Dr. Challenor's final professional positions were with United States Agency for International Development (USAID). She was originally hired as administrator Constance Berry Newman's Special Assistant. From 2004 to 2006, Challenor served as Director of Democracy and Governance Programs at the USAID Mission in Conakry, Guinea.

==Publications==
- "No Longer at Ease: Confrontation at the 12th Annual African Studies Association Meeting at Montreal" Africa Today 16, nos. 5–6, pages 4–7. 1969.
- "A Challenge to Multilateralism", Africa Report, September Political Science Quarterly 87, number 3 (1972): pages 493–496. .
- "United States Foreign Policy Towards Africa". Johnson, Willard R., Goler Butcher, Herschelle Challenor, Karl Gregory, Elizabeth Landis, John Marcum, Ronald Walters, Peter Weiss, and Carol A. Bloomberg.
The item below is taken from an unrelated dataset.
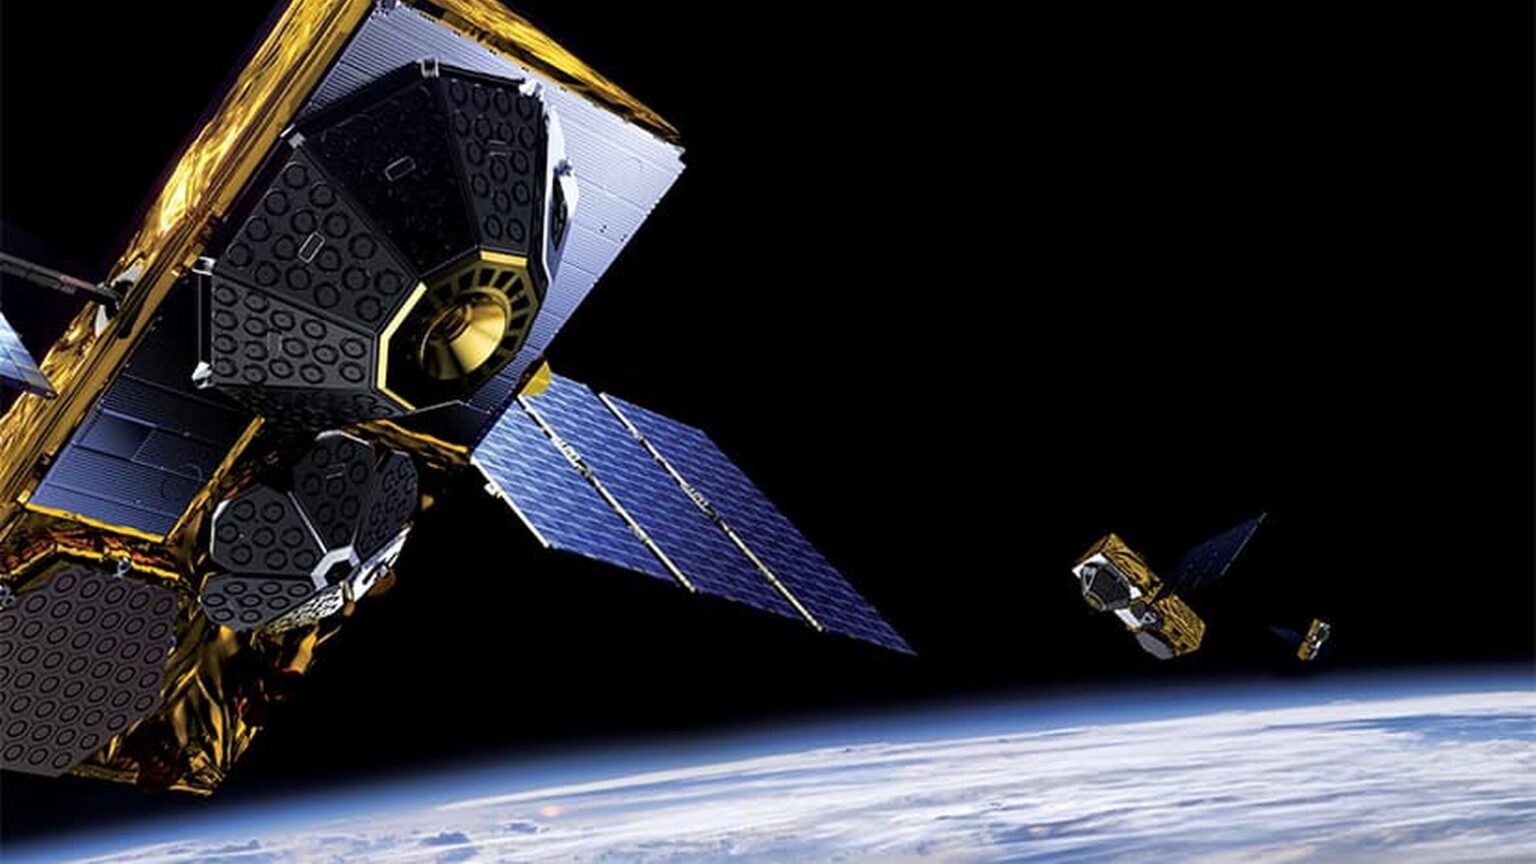 Globalstar satellites

Africa Today 20, number 1 (1973): pages 15–44.
- "The Sahel Drought: A Continuing Disaster", RAINS Information Sheet, November 1, 1973
- "Trans-Africanism: Towards an African Peoples Alliance". Pages 17–42 in Proceedings of the Conference on Afro-Americans and Africans: Historical and Political Linkages. Washington, D.C.: Howard University, 1974.
- Strangers in African Societies, edited by William A. Shack, Elliott Percival Skinner, and Herschelle Challenor. Berkeley, California: University of California Press, 1979.
- "The Influence of Black Americans on U.S. Foreign Policy Toward Africa". Pages 139–74 in Ethnicity and US. Foreign Policy, edited by A. A. Said. New York: Praeger Publishers, 1977.
- "The Contribution of Ralph Bunche to Trusteeship and Decolonization", in Ralph Bunche, The Man and His Times edited by Benjamin Rivlin. New York: Holmes & Meier, 1990.
- "Transition: January 1999, Cambridge". Foreign Policy, number 114 (1999): pages 135–137. .
- "African Studies at Historically Black Colleges and Universities". African Issues 30, number 2 (2002): pages 24–29.